When banks aren’t busy bashing their customers, they’re quite keen on bashing themselves. Take Standard Chartered. Once a candidate for the title of world’s best bank – it increased profits and dividends throughout the financial crisis – it then fell into a familiar trap. Its bosses started to believe their own hype, while a complacent corps of non-executive directors failed to notice the wheels slowly falling off.

Now the bank and its shareholders are reaping the whirlwind as new chief executive Bill Winters battles to right a ship that isn’t quite sinking, but certainly listing.

Standard Chartered has just reported its first quarterly loss in 15 years. Expectations had been reduced, but the City consensus was for a profit of just over £900m – a clear sign of just how bad things have got.

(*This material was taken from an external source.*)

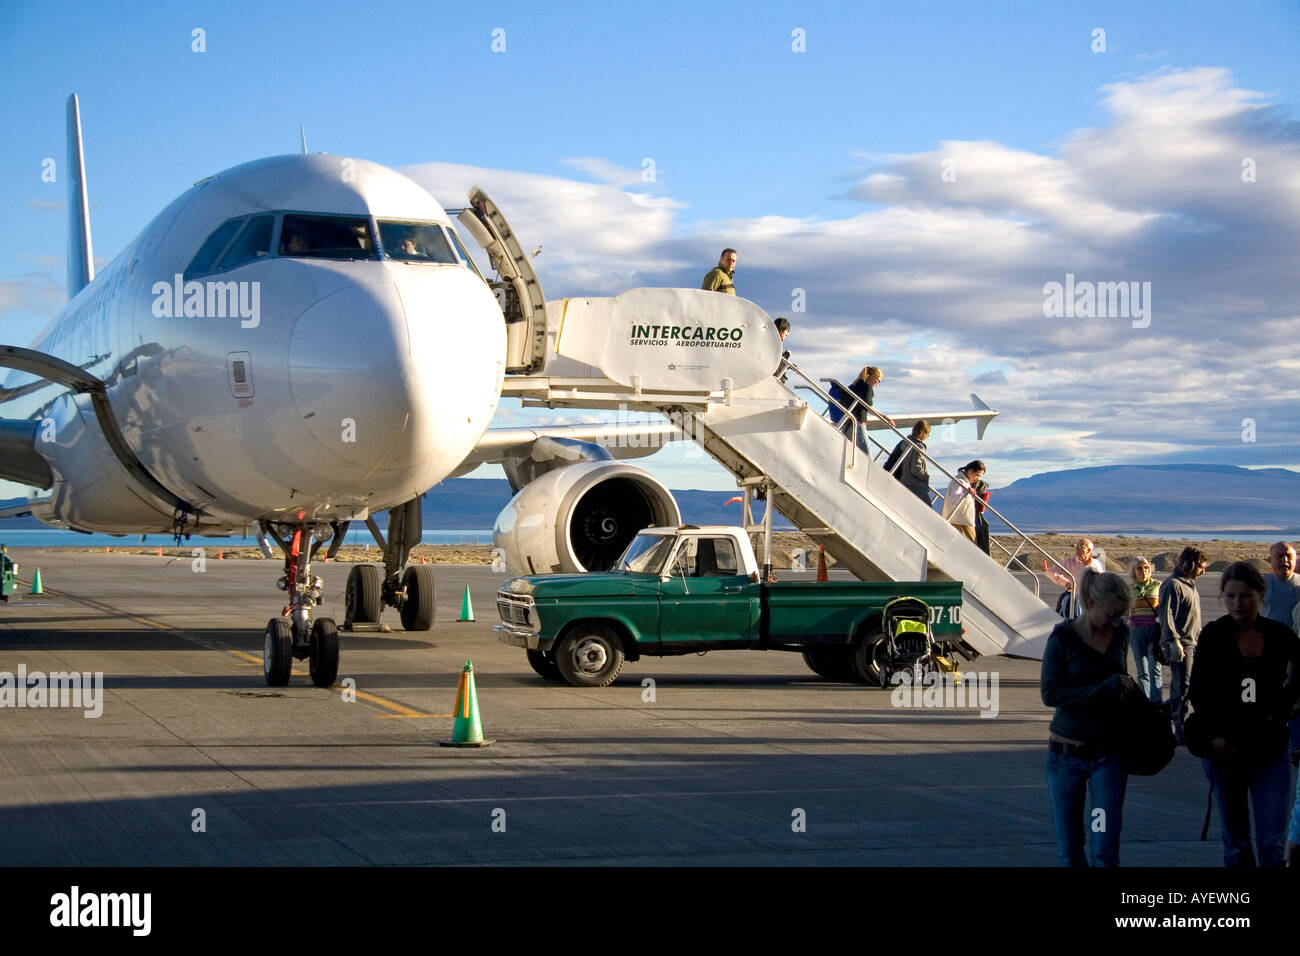 Passengers disembark an airplane at the El Calafate International Airport in Patagonia Argentina Stock Photo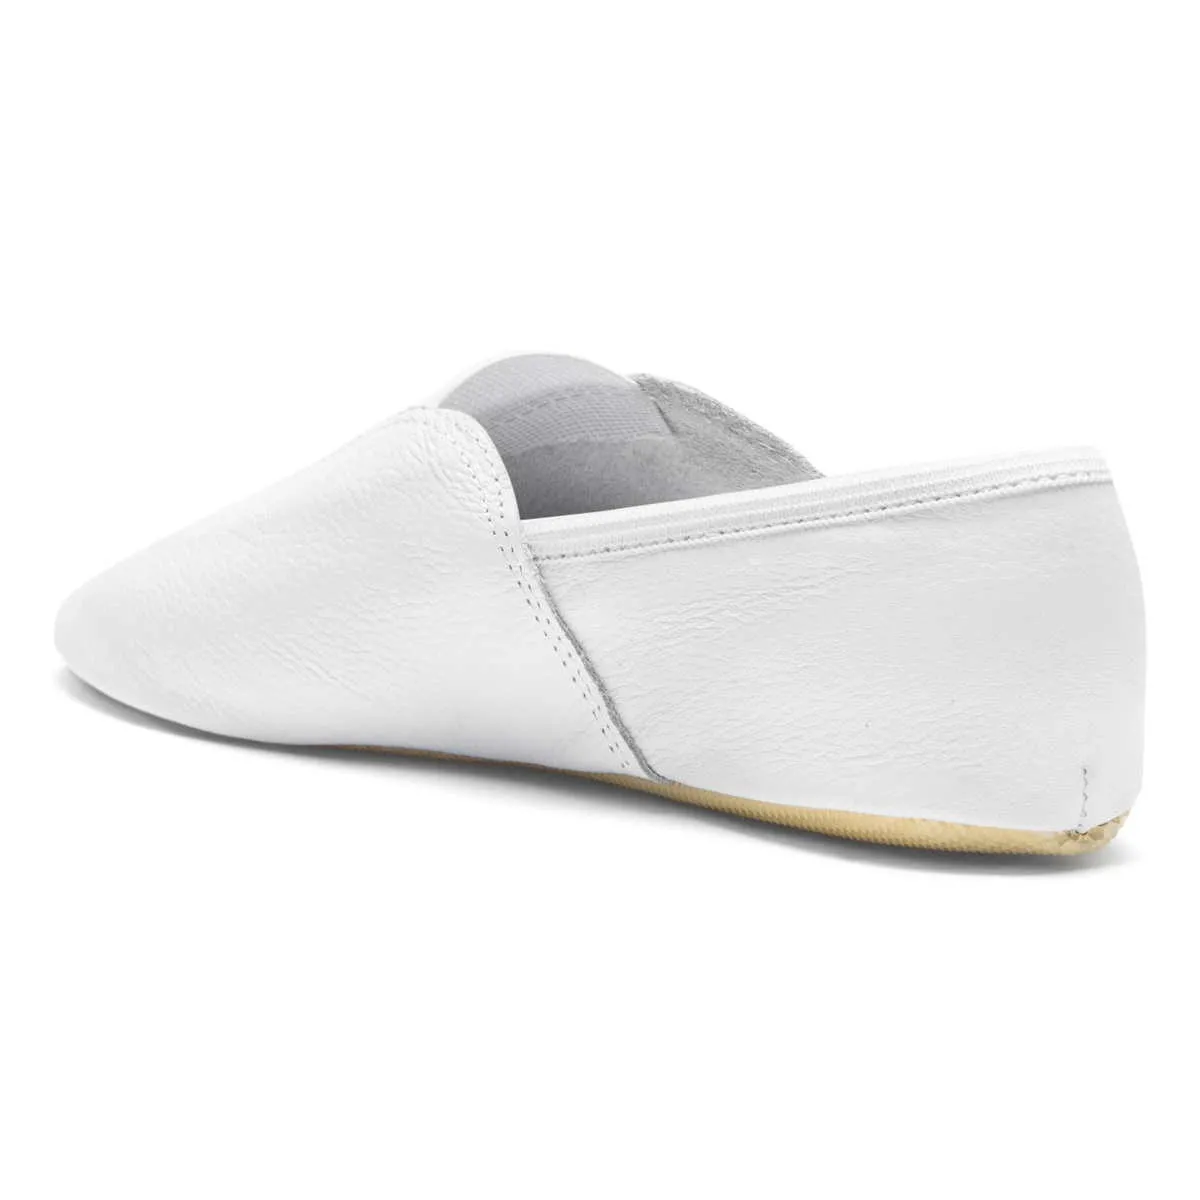 Chaussures de gymnastique blanches

The hallowed dividend has also been suspended as Mr Winters grapples with multiple challenges, not least from the regulatory authorities over its systems and controls and involvement in sanctions busting, among other things.

There are also writedowns, bad bets and bad lending to businesses in places like China and India, and the possibility of worse to come. As a result, 15,000 jobs will go globally and the bank will batten down the hatches, improve its risk controls and compliance functions, and pivot towards wealth management and retail banking.

Shareholders will take their share of the pain through a £3.3bn rights issue. It could have been worse. It might still be.

But it’s no more than they deserve. They were, for too long, content to sit back and cheer from the sidelines as the board members they employed patted themselves on the back, and composed eulogies to former chief executive Peter Sands.

You might think they’d have learnt a valuable lesson about the virtues of engagement, scrutiny and scepticism. But I wouldn’t be too hopeful of that.